A kernel approach to fast protein fragment mining.
submitted

Features
  • Ungapped fragment similarity search: Starting from a query, mine large collections of structures to identify similar fragments. On request, get both fragments and sequences in return.
  • Search constraints: GLSearch makes use of 2 parameters to drive the search. (i) The kernel score, betwen 1 (perfect match) and -1 (perfect mirror). (ii) The fragment deformation: since the kernel score if flexible, a maximum deformation makes easy to narrow the matches in the vicinity of the query.
  • Recursive similarity: Finely tune the shape of the matches using the kernnel score at a local level (subfragments) in addition to the complete fragment level. This ensures each local part of the matches are similar to the query. Note: this can be misleading.
  • Mirror search facility: In addition to searching for similar fragments, you can as well search for mirror conformations.
<Back to top>
Limitations
  • Fragment size: Presently, the search is based on alpha carbon coordinates. Too small fragments (less than 5 amino acids) can lead to unreliable results.
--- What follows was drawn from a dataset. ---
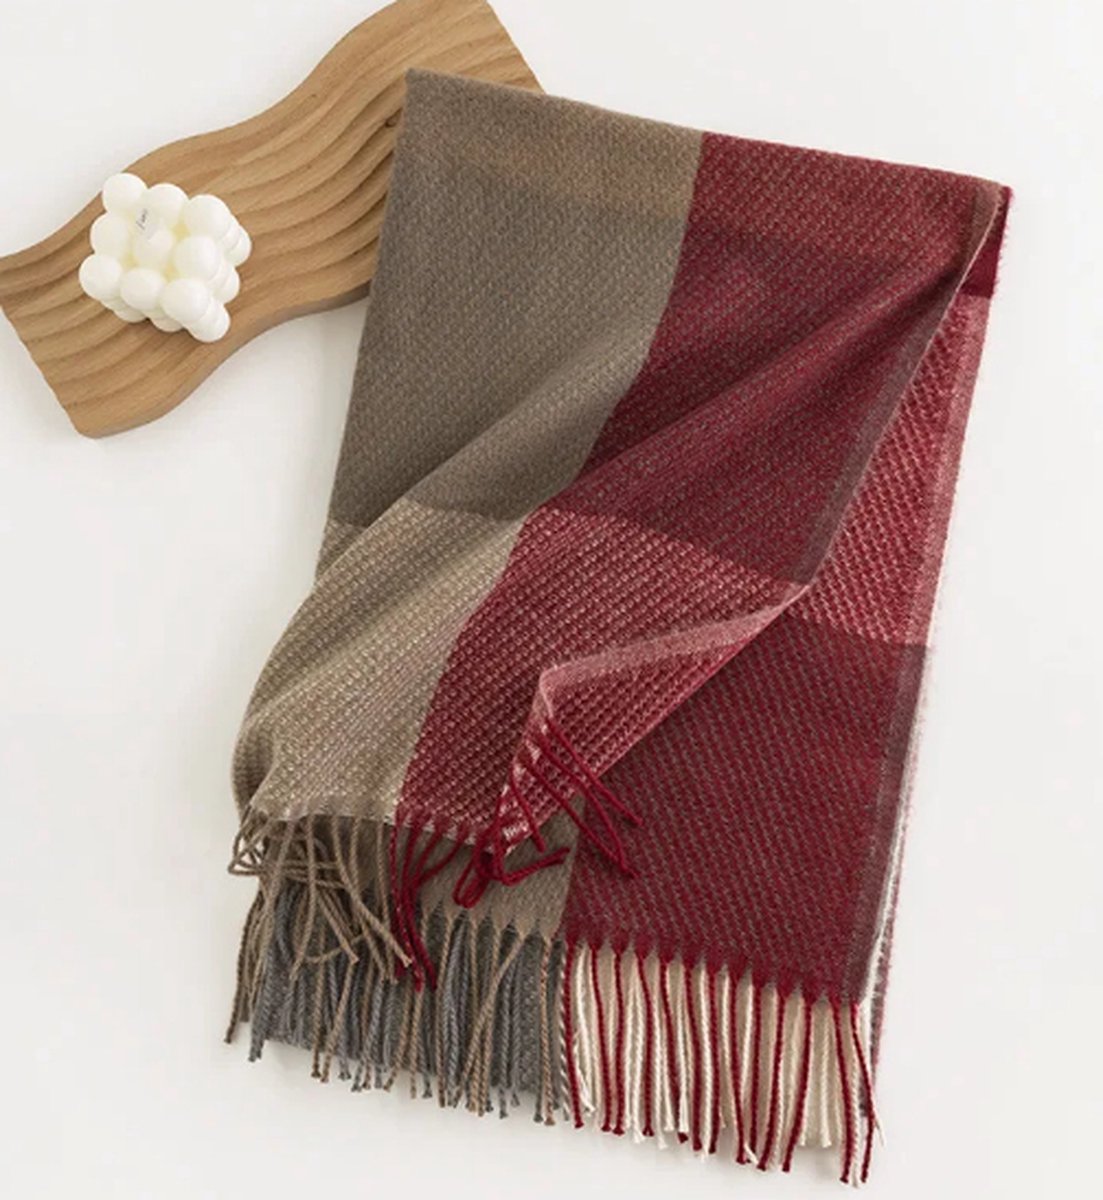 Sjaal rood/Taupe / super zacht / 206 cm lang en 65 cm breed / verkrijgbaar in 10 verschillende kleuren
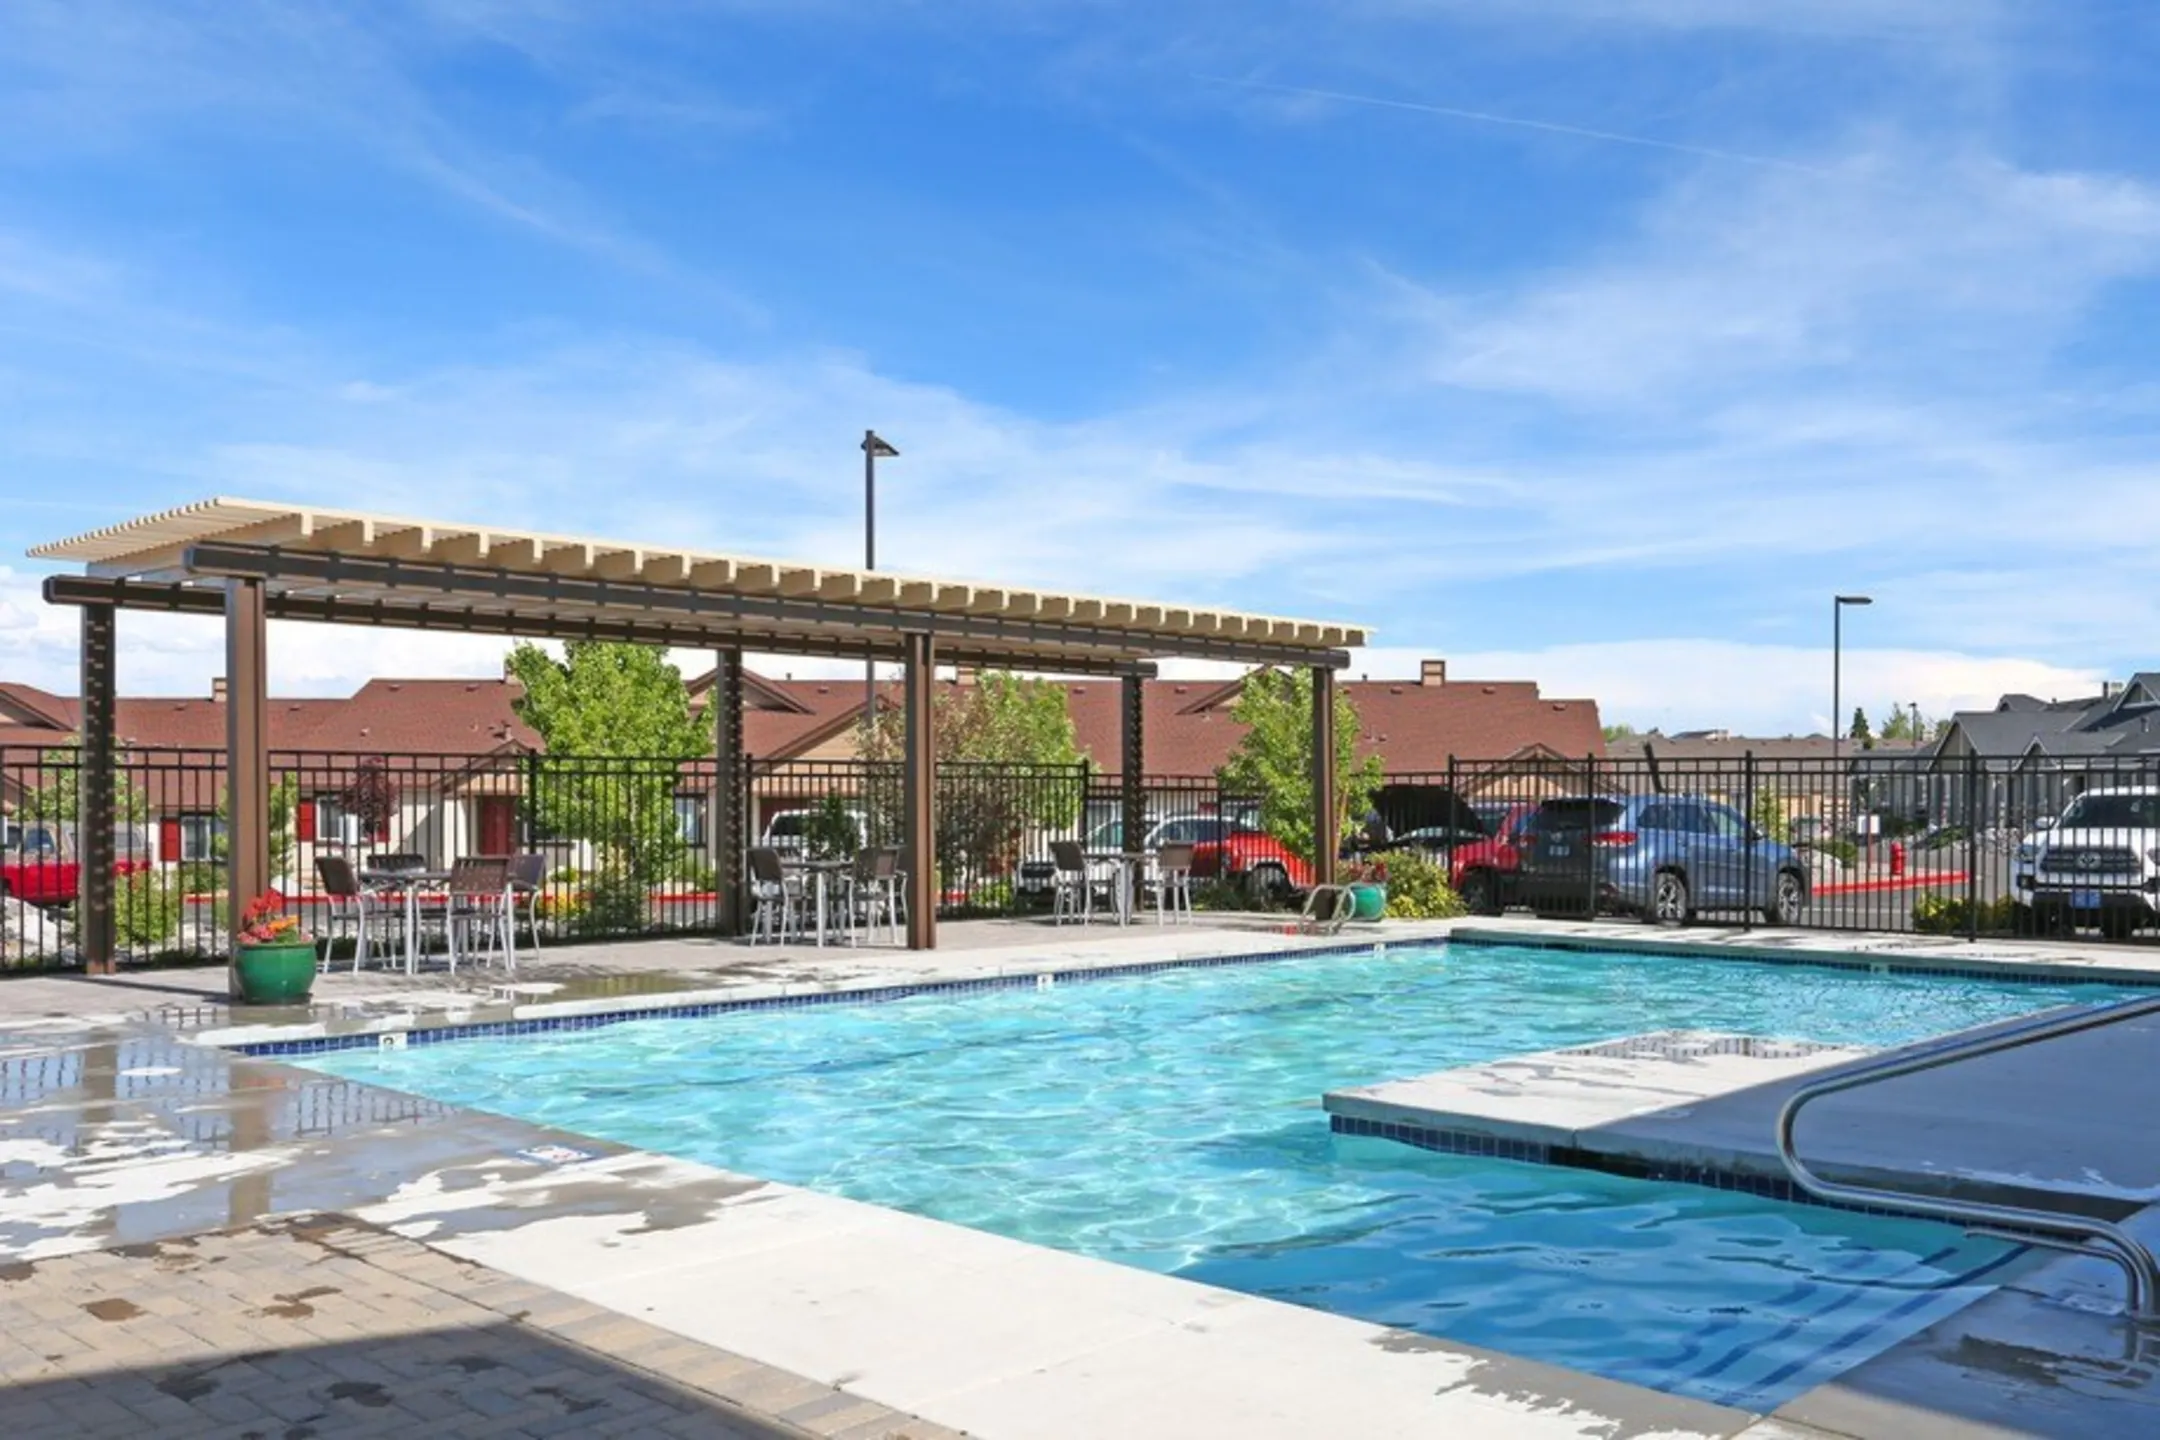 Pool - The Bungalows at Sky Vista - Reno, NV

There is in theory no upper limit, but the probability to identified long similar ungapped ffragments is low ...
<Back to top>
Usage
Input
  • Pre-configured test: By setting this option to "Yes", GLSearch will be run using fragment 16-40 of PDB 2zaj entry (a WW domain), searching for matches with a kernel score more than 0.75 and a fragment deformation not exceeding 30%.
  • Input structure: Input query file must be in PDB format.
  • Searching a subpart of the query: It is possible to restrain the serach to a subpart of the input PDB, by specifying the numberof the first and last residues (numbered from 1) delimiting the subpart of the structure.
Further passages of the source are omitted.